SUPPLIED DATA:
= Beginning of Section =
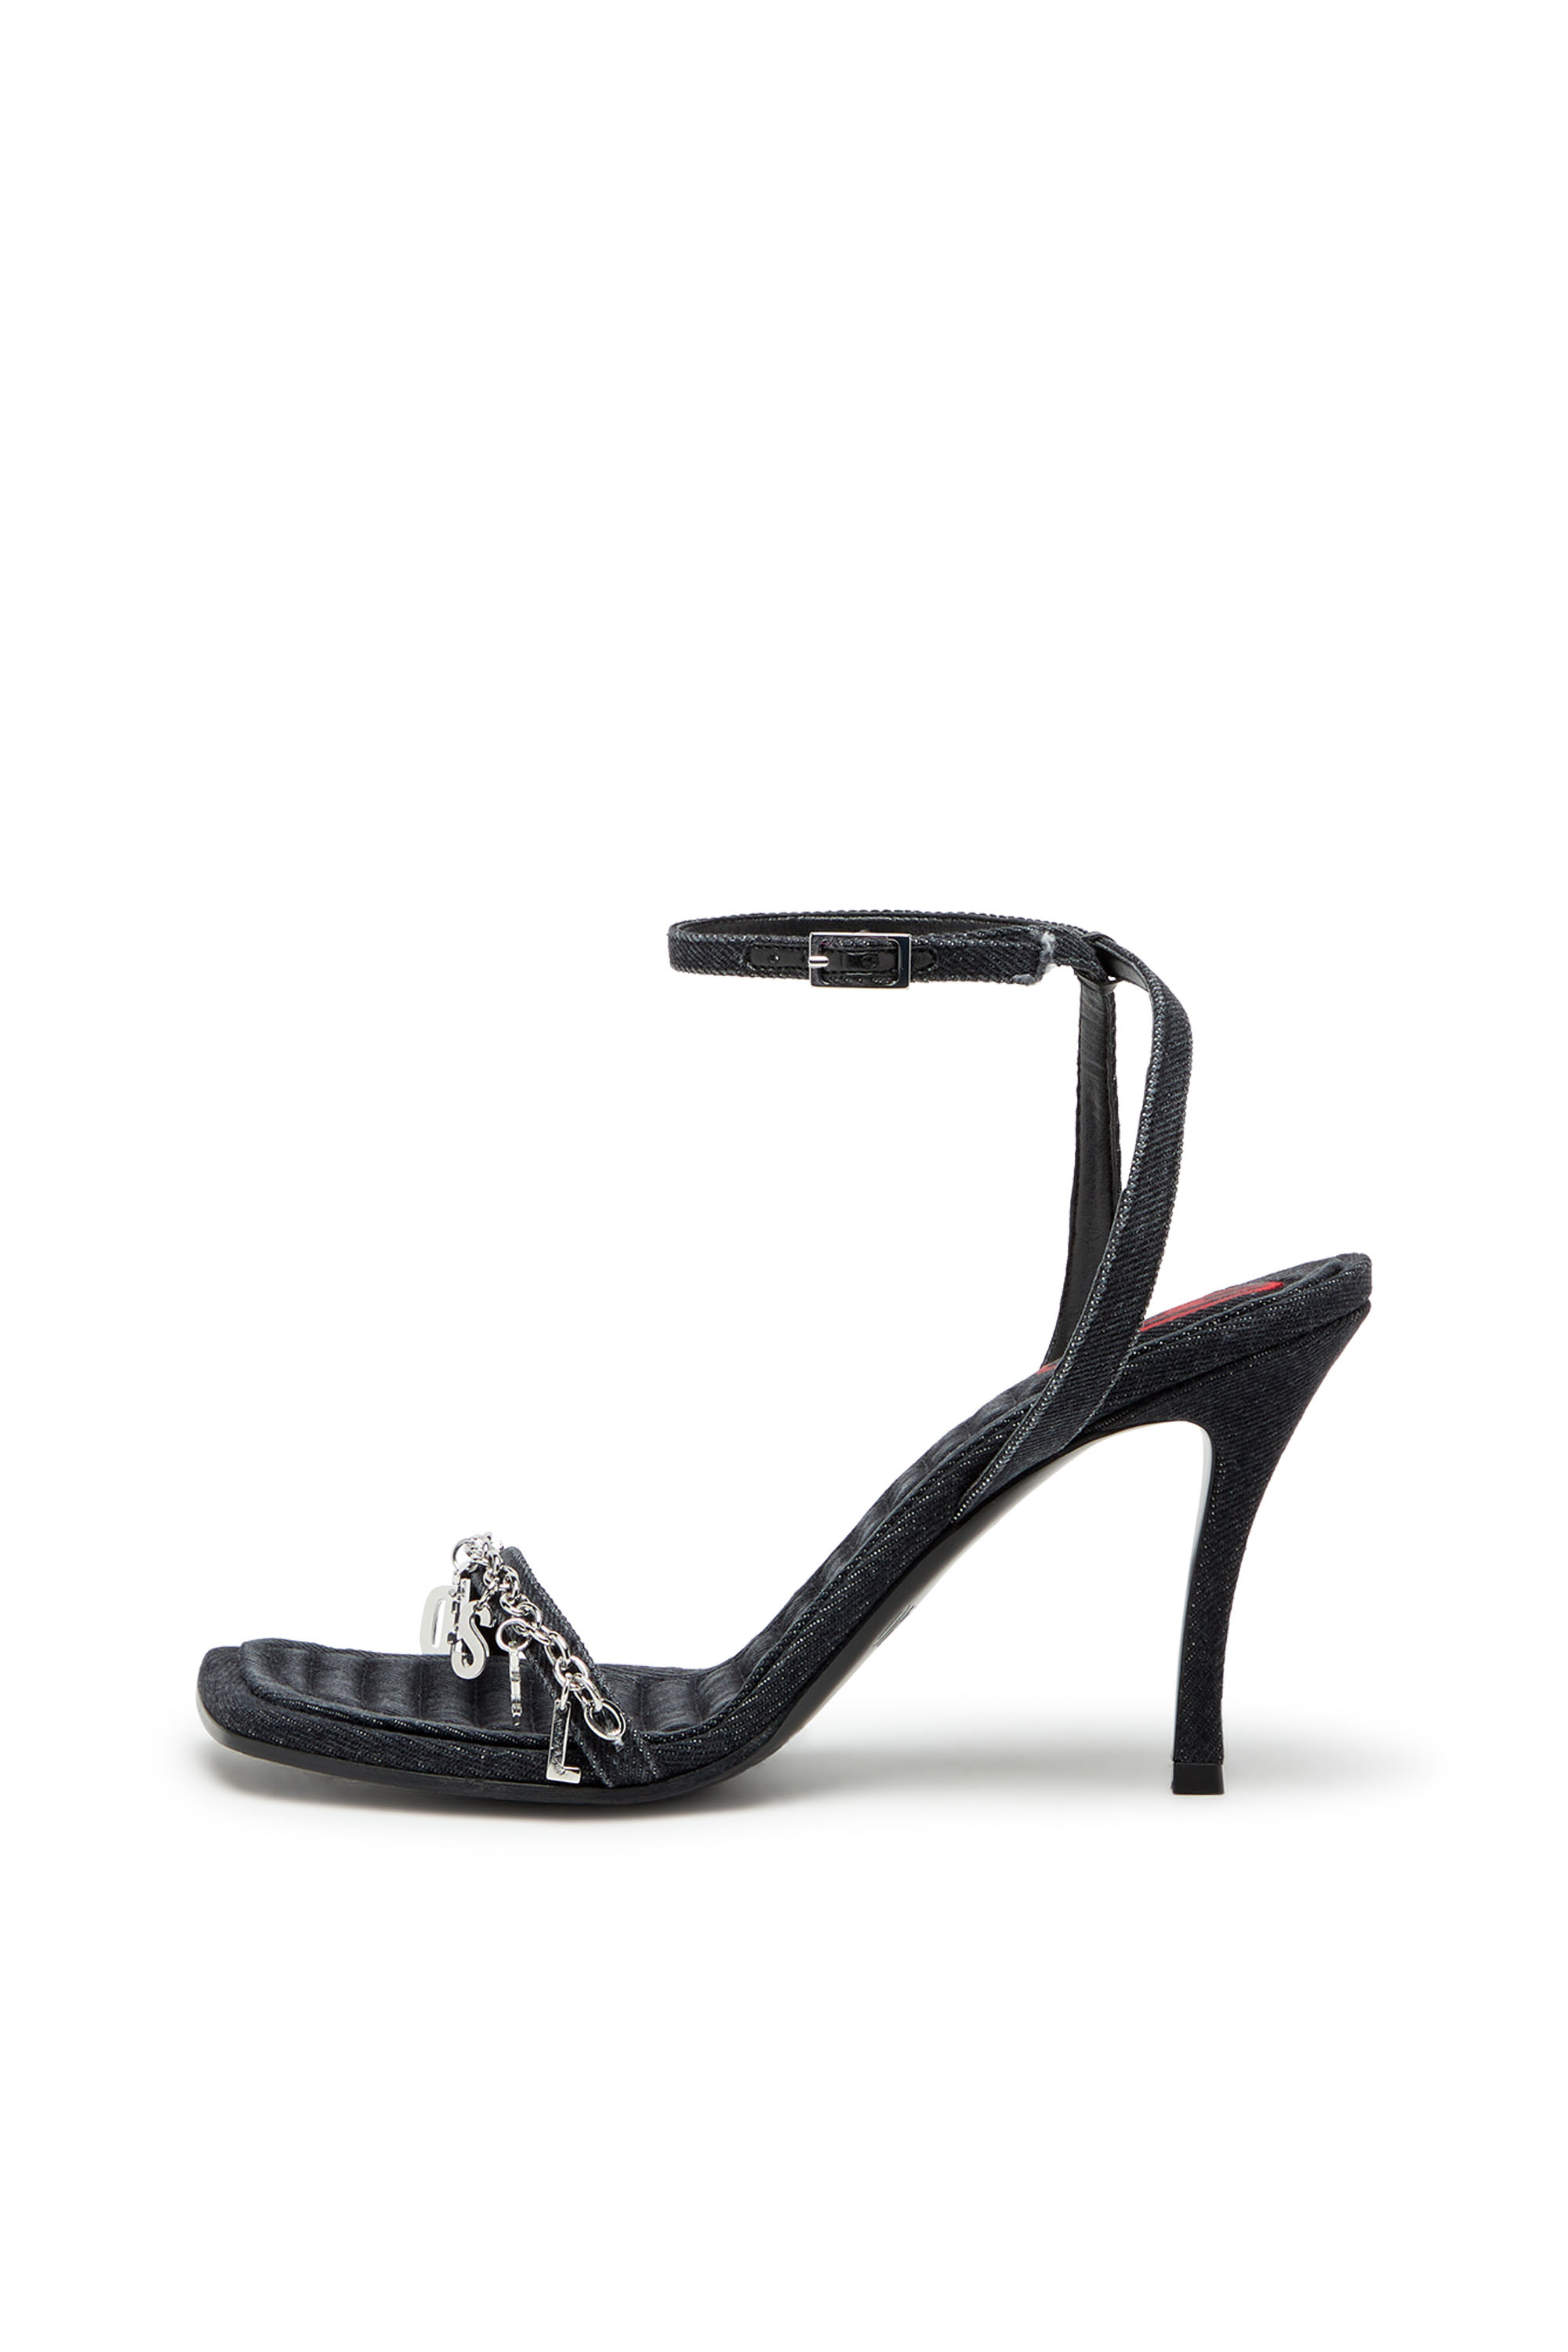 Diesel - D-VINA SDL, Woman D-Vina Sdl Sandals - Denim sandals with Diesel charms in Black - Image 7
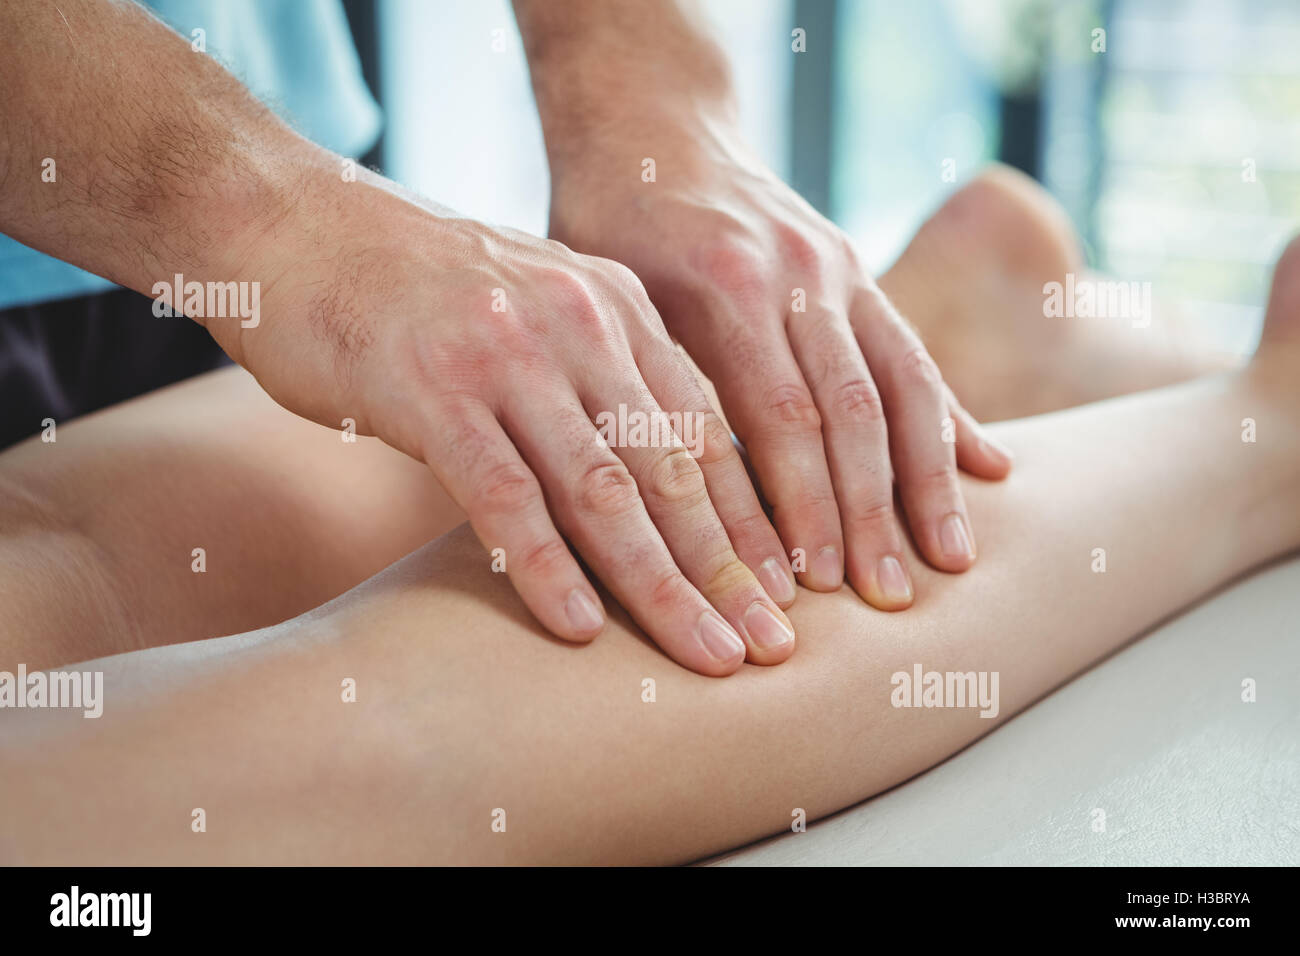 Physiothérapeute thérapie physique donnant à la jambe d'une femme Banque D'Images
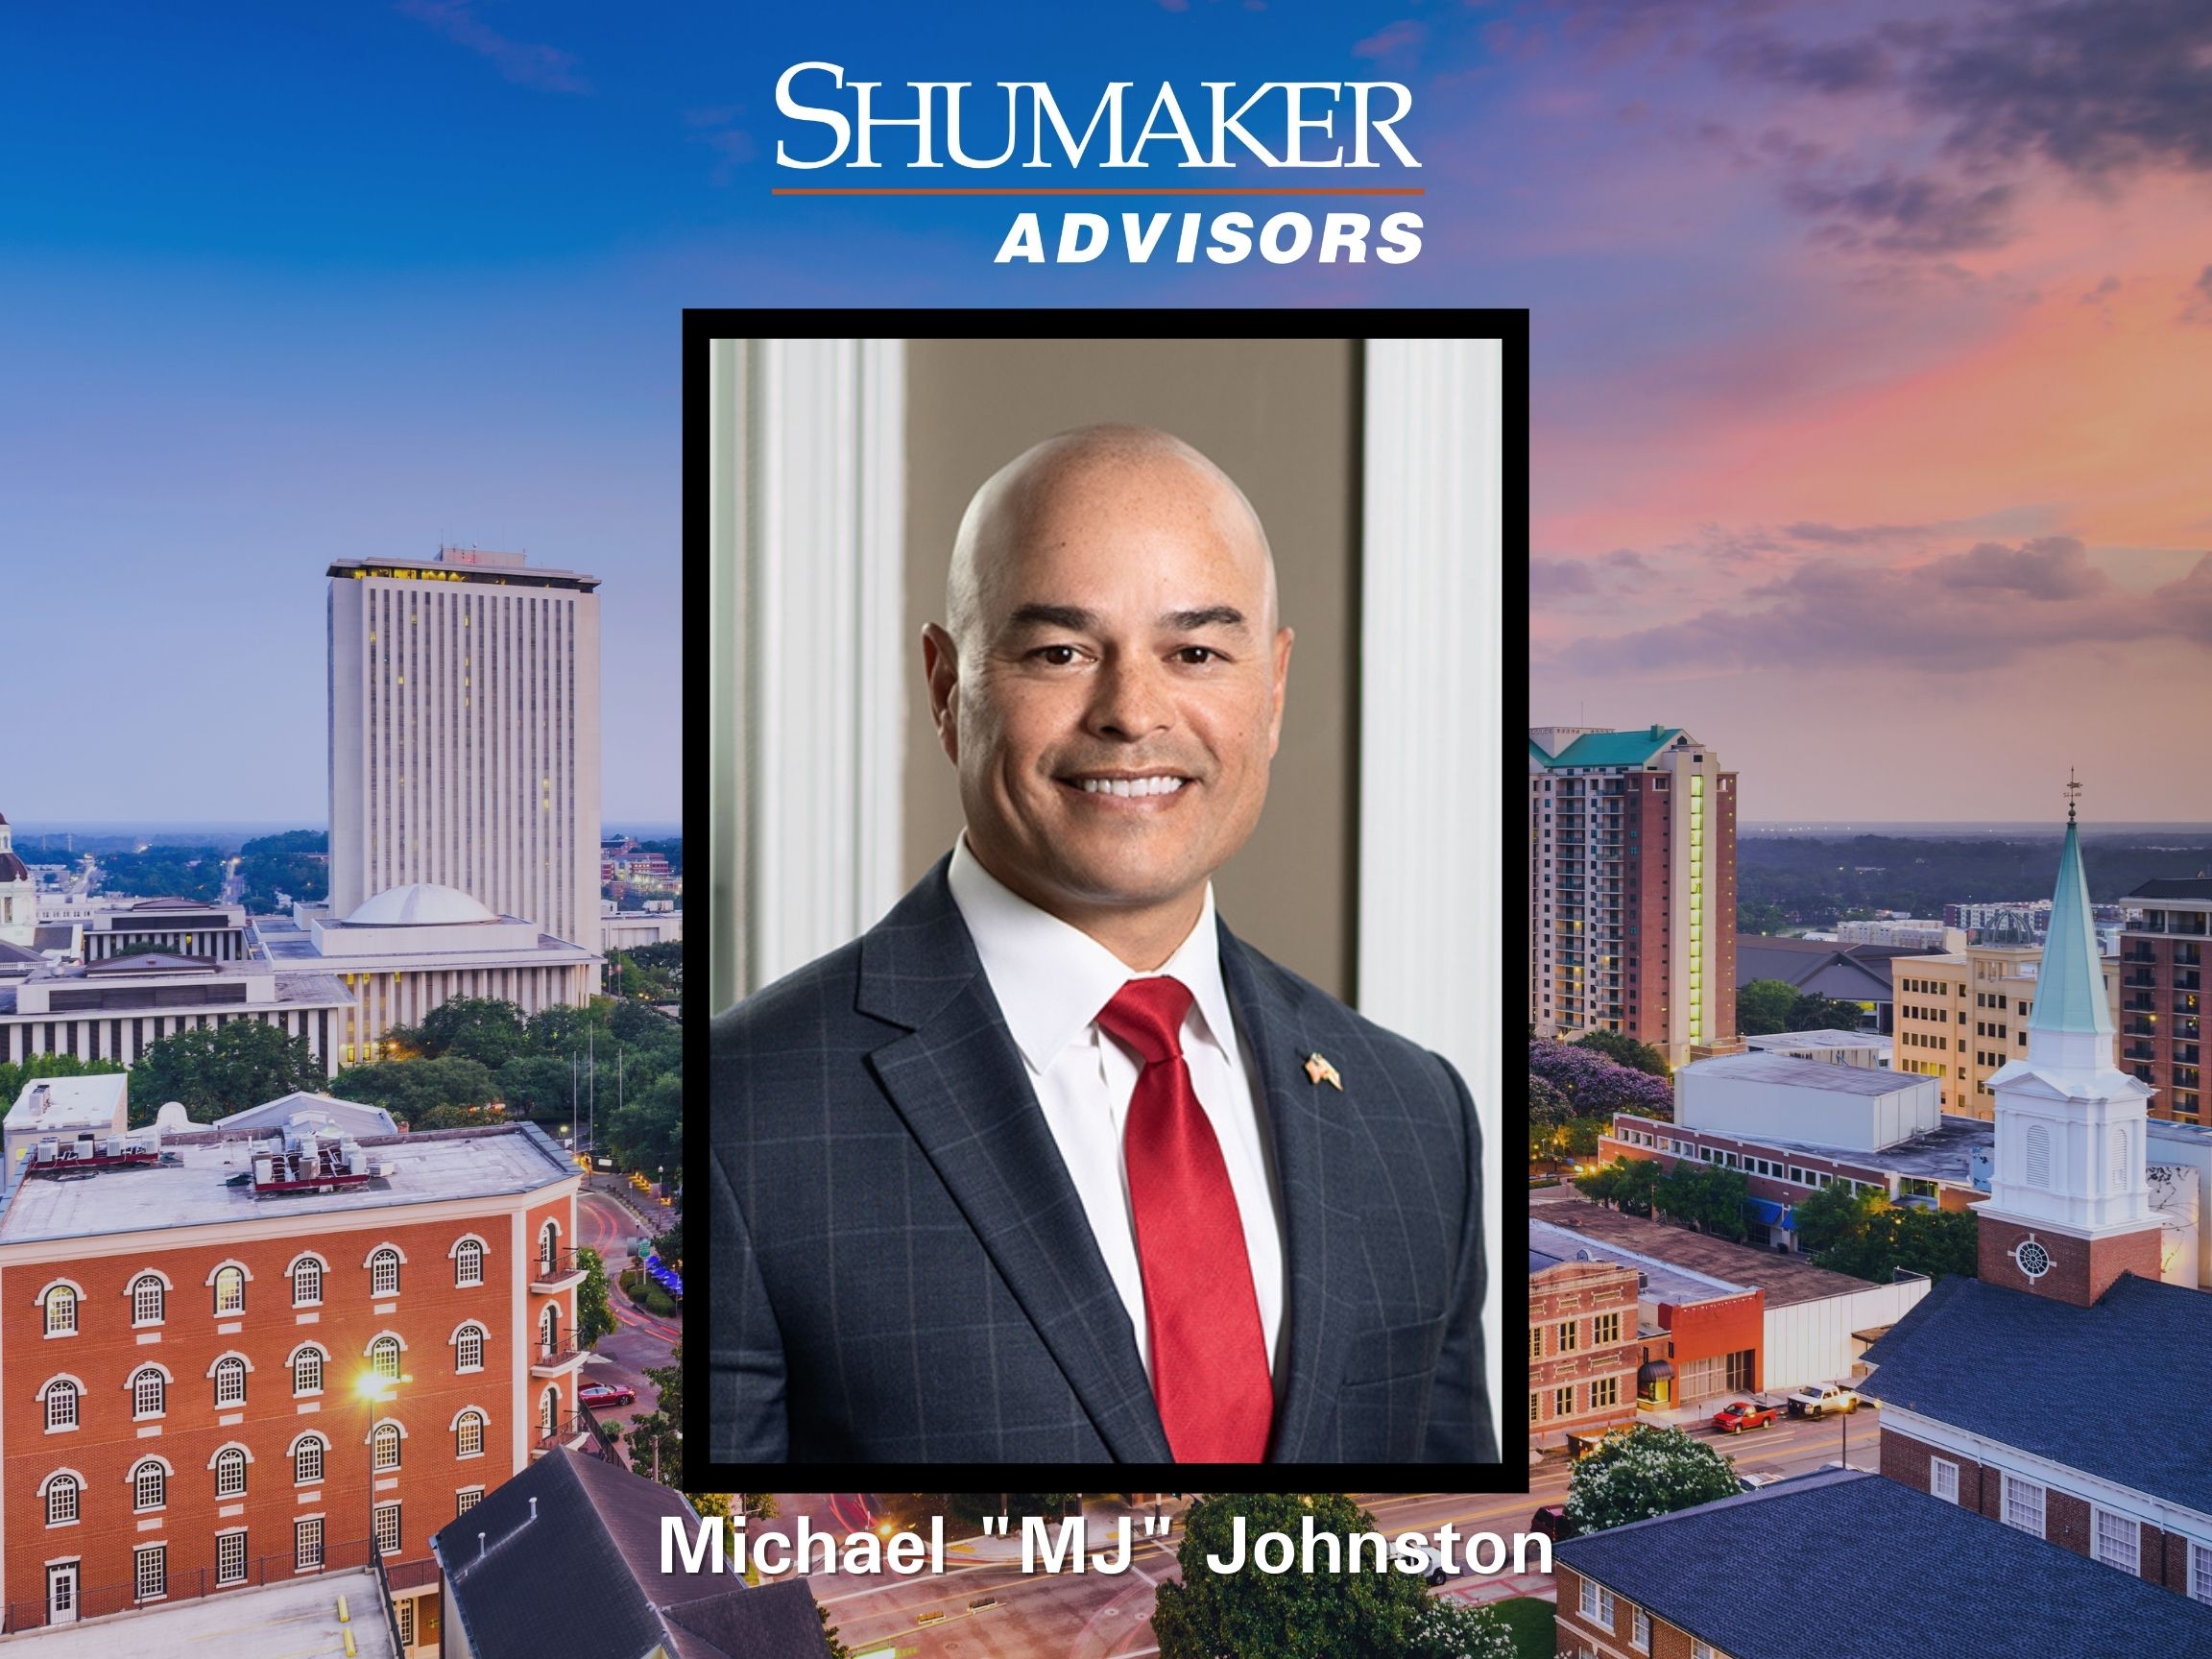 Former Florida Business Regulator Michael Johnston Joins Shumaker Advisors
= End of Section =
TASK OBJECTIVE:
An exact transcription of the data above is needed, without the pictures.

SOLUTION:
 Diesel - D-VINA SDL, Woman D-Vina Sdl Sandals - Denim sandals with Diesel charms in Black - Image 7
 Physiothérapeute thérapie physique donnant à la jambe d'une femme Banque D'Images
 Former Florida Business Regulator Michael Johnston Joins Shumaker Advisors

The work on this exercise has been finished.